4 ways to recycle cds

This week I found some cd jewel cases I no longer wanted when decluttering my office. I also have some cds and dvds to get rid of. These aren’t the sort of discs I could pass on such as music, audio stories, films or computer software, they are more along the lines of personal information such as computer file backups and photographs.

For music, audio or computer programmes, you can sell or donate them, Try eBay, Amazon or Music Magpie if you want to sell them secondhand, otherwise donate to a charity shop, library or offer them on Freecycle.

For my small collection, however, offering them on freecycle or donating to a charity shop is out of the question and as you’ll have cottoned on by now, I don’t want to keep them for an endless list of craft projects that I will never get around to doing.
I don’t want bird scarers, coasters, mobiles, a fly swatter, a suncatcher, Christmas decorations, an ice scraper, glittery fish or a bullet proof vest made out of cds thankyouverymuch. I want S P A C E and for my old cds to be disposed of responsibly.

So what ideas do you have for me? So far I’ve come across the same companies who will deal with the cases, which is very handy for reducing postage costs, plus a couple of others:

Mobile phone housing

1- Polymer Recycling remove the paint and aluminium on cds until they are left with polycarbonate which is them made into light lenses or mobile phone housing. They were set up in 1996 predominantly to serve the music industry who turn up at their premises with 40ft wagons filled with obsolete cds. Polymer Recycling are responsible for keeping 50 million cds a year out of landfill.

Electric cable insulation

2- London Recycling suggest I destroy or even break in half discs before sending them if they are confidential and then they will recycle them for me. Used discs are made into electric cable insulation, burglar alarm boxes or street lighting.

From discs to clocks

3- ​Recycling cds​​​​​​​​​​​​ will turn your cds and dvds into clocks! You can find out exactly how your disc becomes a clock with their FAQs page.

Granulated

4- The ReCycling People will happily destroy and shred your confidential discs before granulating them. The granulated material is then sent on to other companies for reprocessing.

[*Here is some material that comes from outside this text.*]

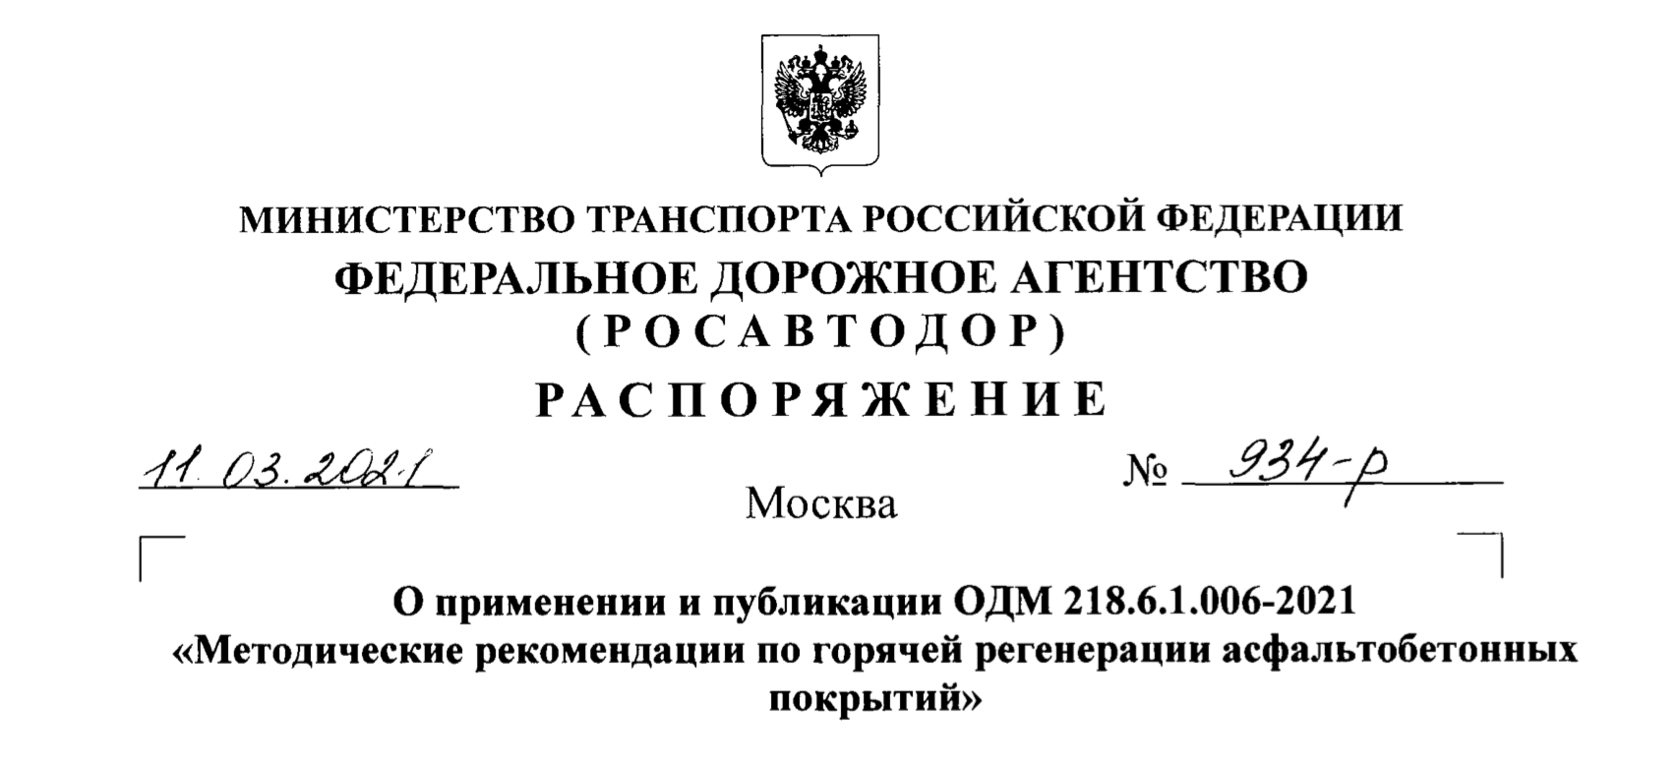 ОДМ 218.6.1.006-2021

We all know ‘reduce’ is the first of the three Rs, so why not make the commitment to switch to using re-writeable discs? This means you can simply record over your latest file backups.

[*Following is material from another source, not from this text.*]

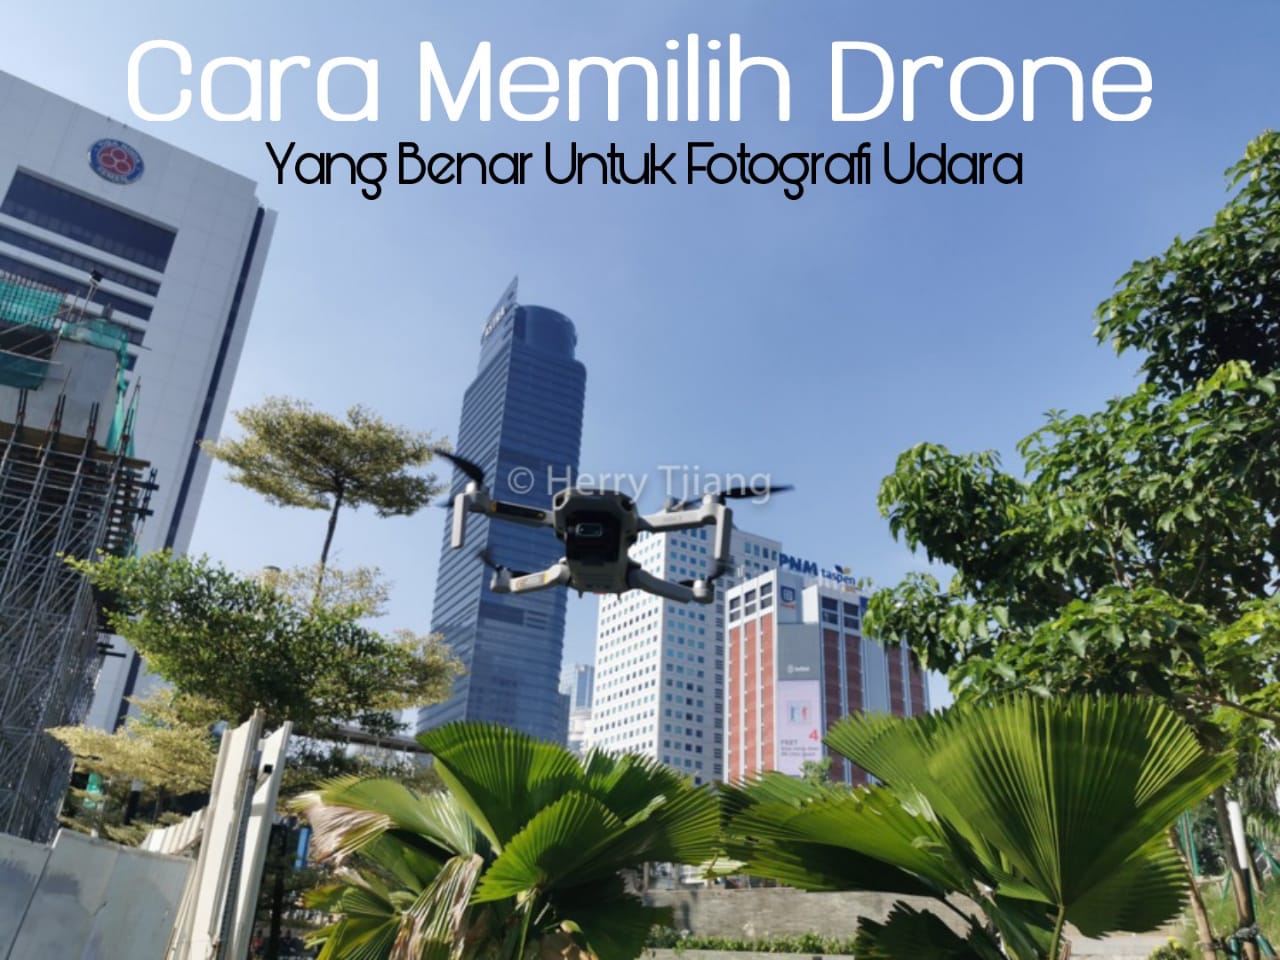 Drone Murah Waktu Terbang Lama Jsp Jakarta School Of Photography

What about you – what do you do with your old cds? I’m particularly interested in what you do with those you have recorded yourselves, such as photos and computer backups.

About the Author ()

I am a long time supporter of the Green and Sustainable lifestyle. After being caught in the Boscastle floods in 2004, our family begun a journey to respect and promote the importance of Earth's fragile ecosystem, that focussed on reducing waste. Inspired by the beauty and resourcefulness of this wonderful planet, I have published numerous magazine articles on green issues and the author of four books.

Comments (14)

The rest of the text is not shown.